The much anticipated PS Vita has certain hardware issues that make it freeze at times. It is not known as to how wide-spread this problem is. Read more at the source below:






Source


----------



## FireGrey (Dec 19, 2011)

inb4 the fanboy wars.
Lets just see how long this thread stays.


----------



## Erdnaxela (Dec 19, 2011)

It's unavoidable now, with all those powerful handheld, glitch happen a little more.


----------



## rockstar99 (Dec 19, 2011)

FireGrey said:


> inb4 the fanboy wars.
> Lets just see how long this thread stays.


The Irony
Were you not one of the major causes of a fanboy war in another thread?

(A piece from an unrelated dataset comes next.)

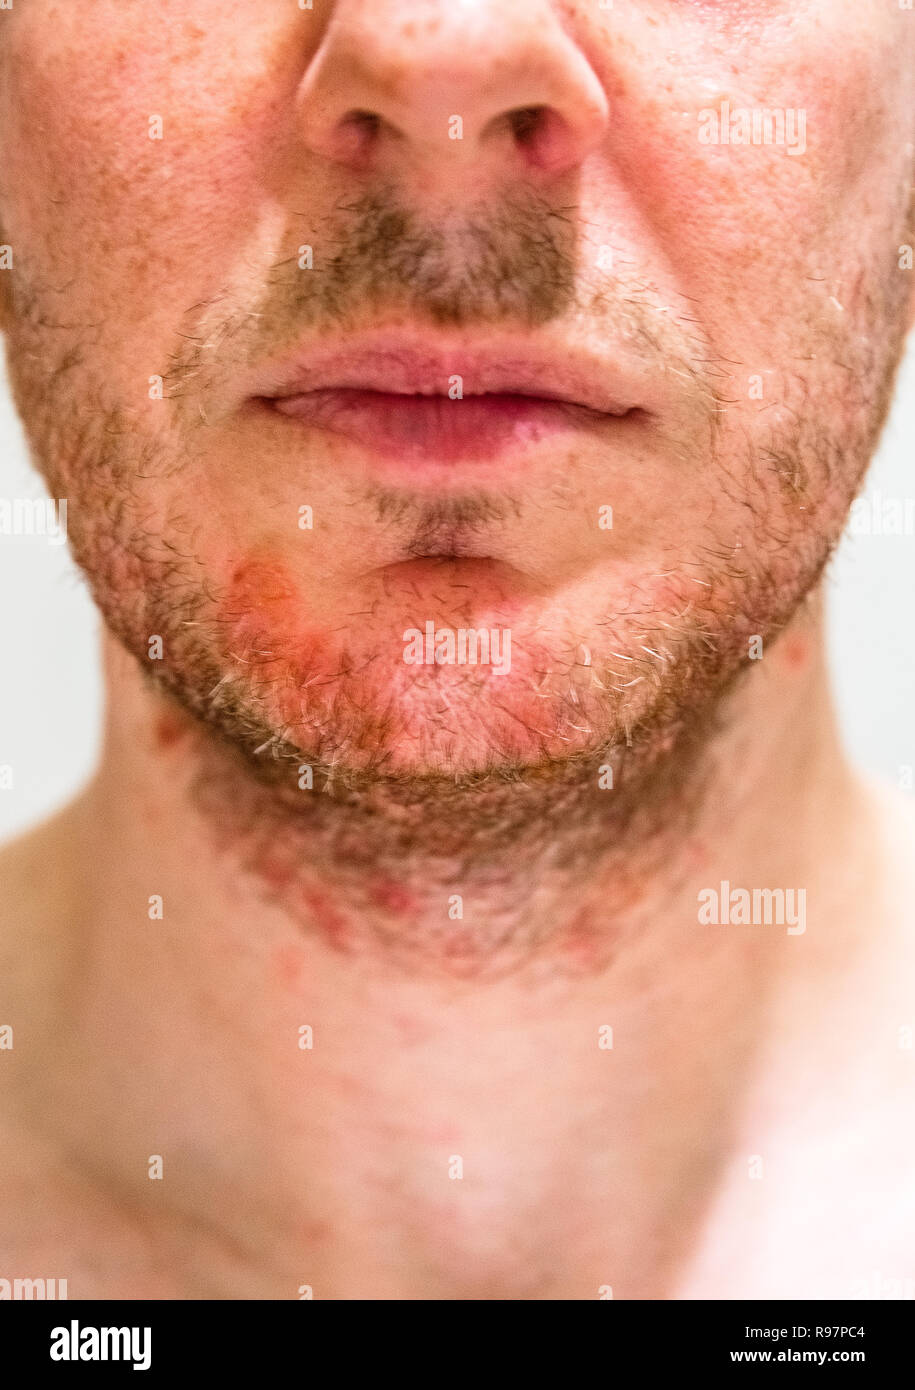 Man with seborrheic dermatitis in the beard area Stock Photo

Anyways Vita looks great, can't wait for the NA release, gonna pick this up on launch


----------



## insidexdeath (Dec 19, 2011)

That's unfortunate. I was hoping to buy it early, but I guess I'll wait for more information regarding this flaw if it exists.


----------



## FireGrey (Dec 19, 2011)

Rockstar said:


> FireGrey said:
> 
> 
> > inb4 the fanboy wars.
> ...


Yeah, but I'm too lazy to jump into another one/start another one.


----------



## RupeeClock (Dec 19, 2011)

You're using adf.ly to try and generate revenue off a source link? Not cool dude.
If it was something like a homebrew or a tool you made fine, but it's a news article.


----------



## TwoBladedKnight (Dec 19, 2011)

RupeeClock said:


> You're using adf.ly to try and generate revenue off a source link? Not cool dude.
> If it was something like a homebrew or a tool you made fine, but it's a news article.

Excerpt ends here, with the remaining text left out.